Rebuilding Oregon
One Spreadsheet at a Time
The other day I shared a set of graphics I’d been working on.
One graphic for every county in Oregon. Work in progress, clearly. Not the point.
Who’s on the ballot.
Who’s running.
Basic information.
The sort of thing that, at first glance, looks like the kind of project only someone with entirely too much time & entirely too many spreadsheets would undertake.
Which, fair.
The first draft was extra.
I know it was extra.
That was kind of the point.
“The graphics weren’t really the project.
The graphics were the side effect of the project.”
The real project was teaching myself Oregon.

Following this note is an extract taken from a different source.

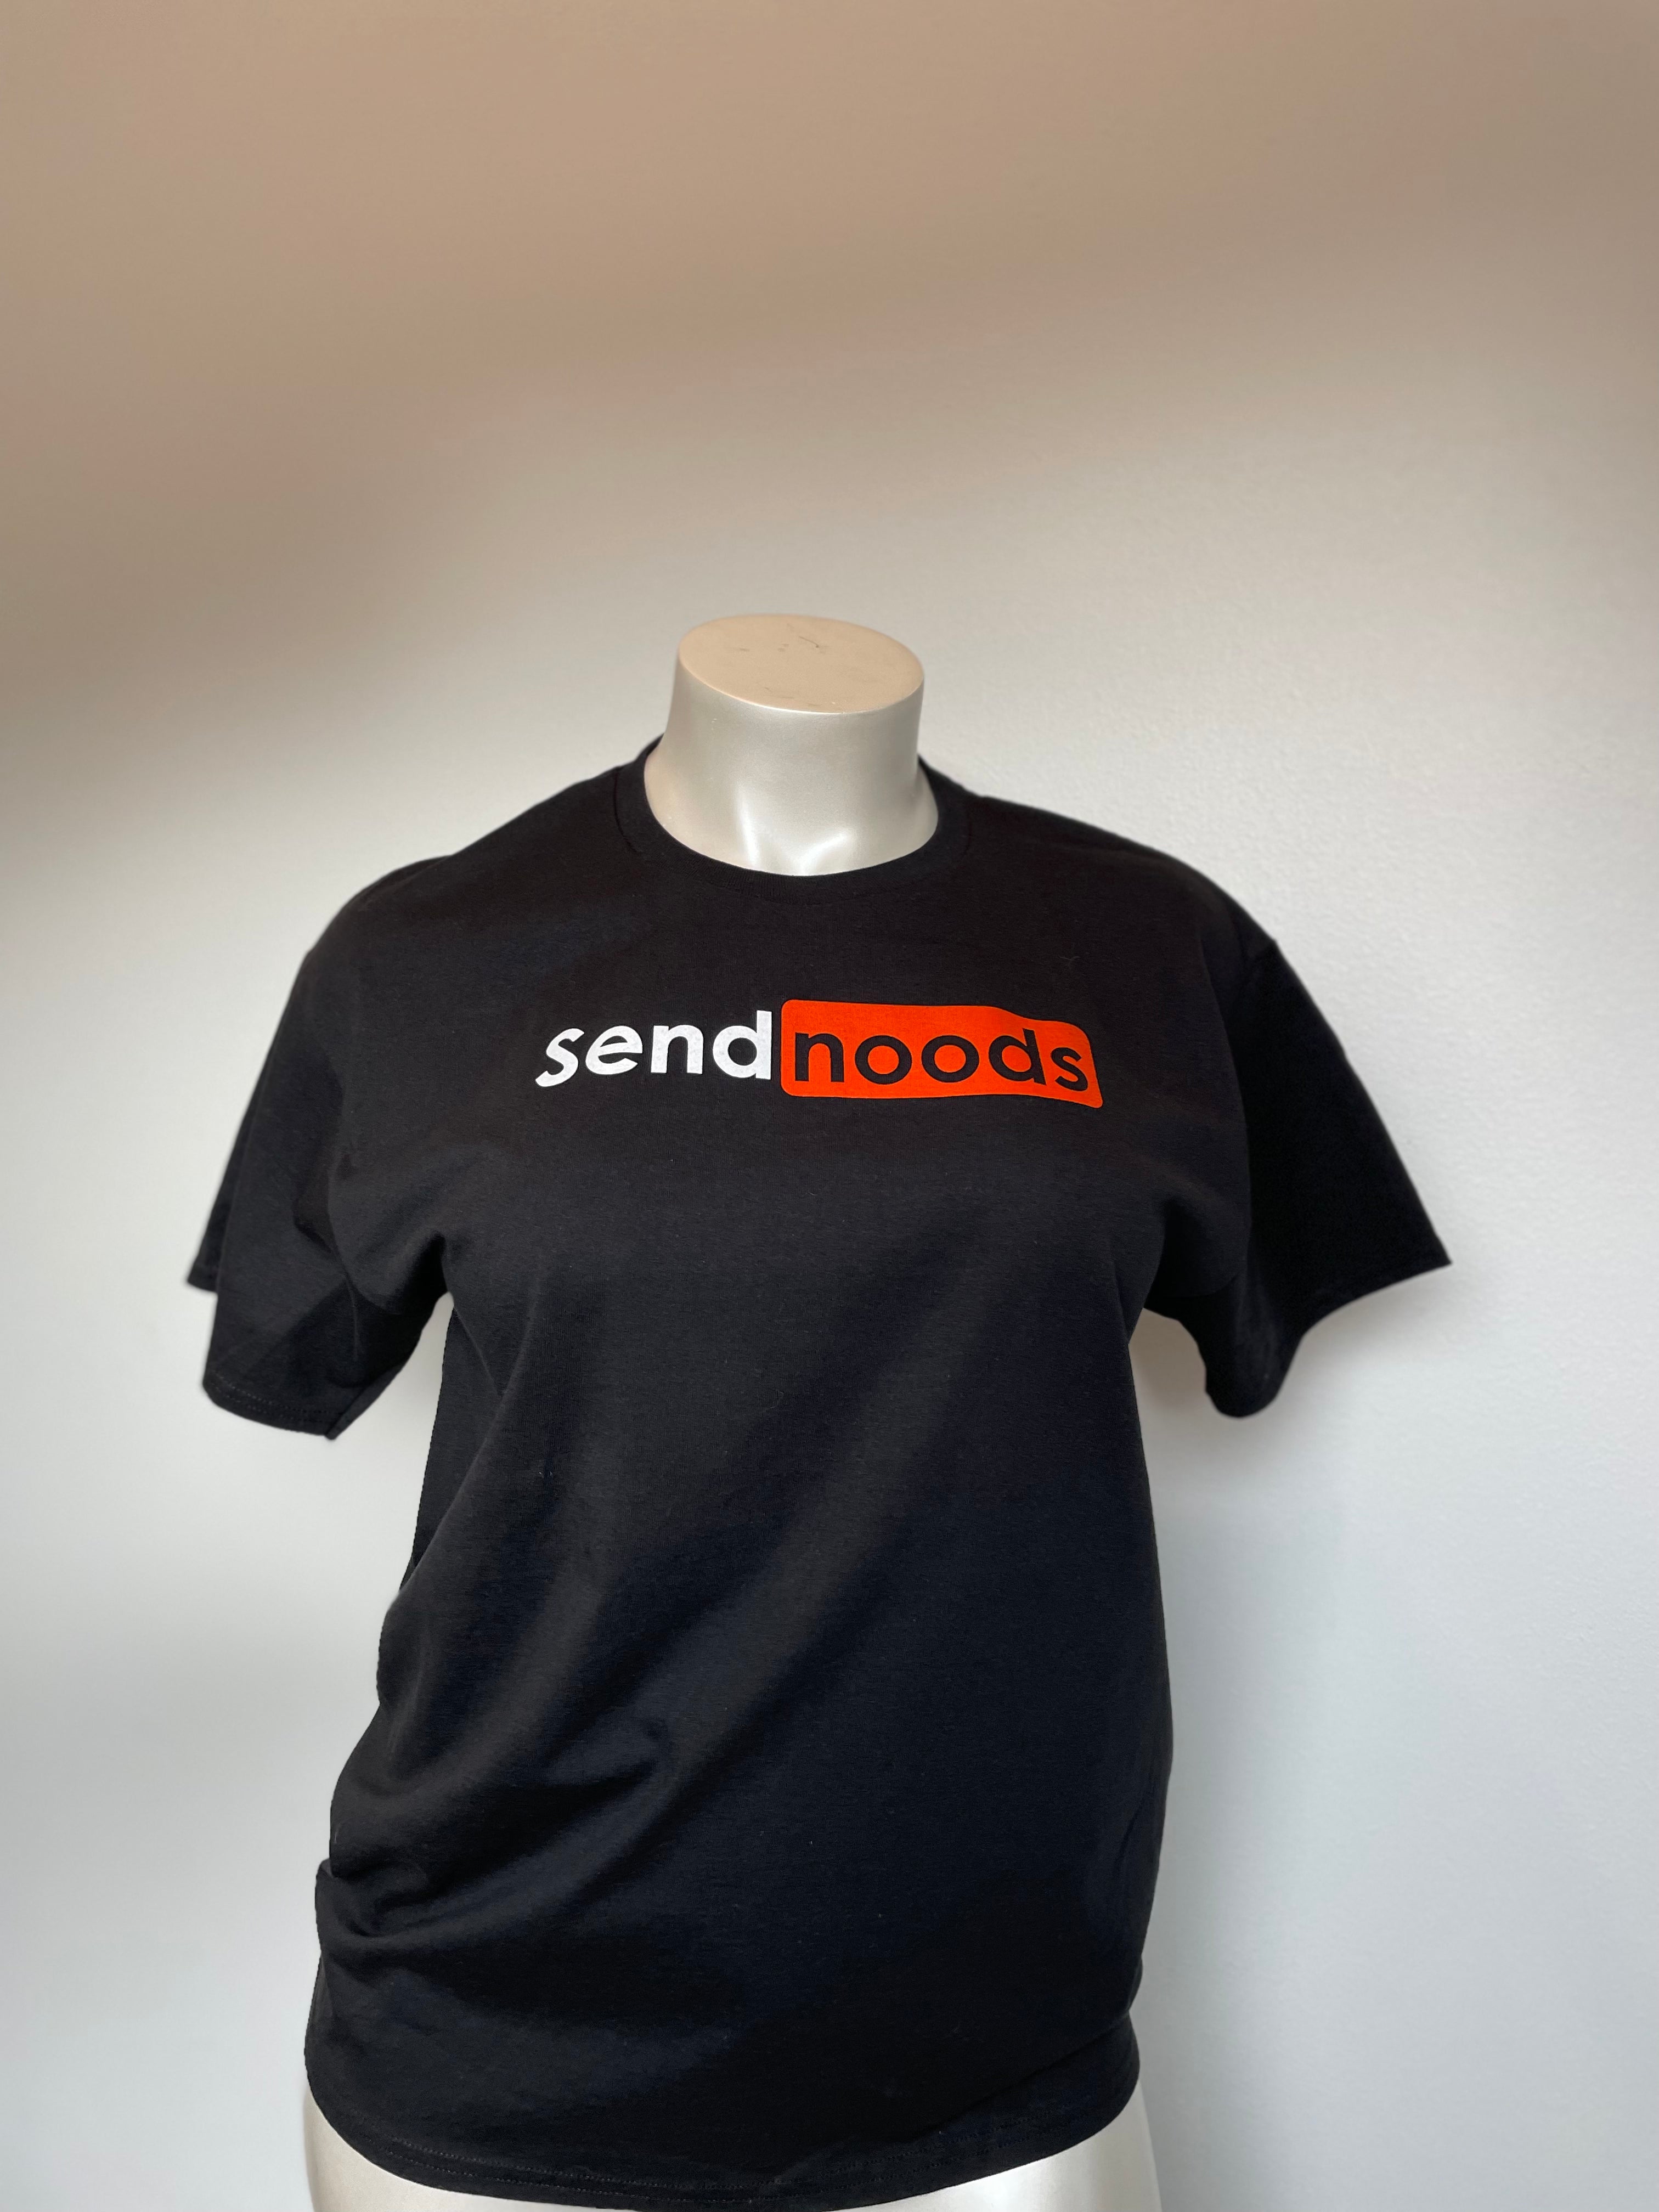 Send Noods // T-Shirt

Not Oregon-the-state-on-a-map.
Oregon-the-place.
The people.
The regions.
The relationships.
The stories.
The invisible threads connecting one town to another. Studying maps in phone books was more than a phase for me.
The reasons some places vote blue, some vote red, & some refuse to cooperate with anyone’s neat little narratives.
Because here’s the thing.
Before the TBI.
Before the stroke.
Before my brain decided to start playing life on hard mode.
I had what people would probably call a photographic memory.
Not in the movie sense.
More in the “accidentally memorized an entire county” sense.
I grew up in Humboldt County, California.
A place so isolated that reading the phone book qualified as entertainment.
The nearest library was half an hour away.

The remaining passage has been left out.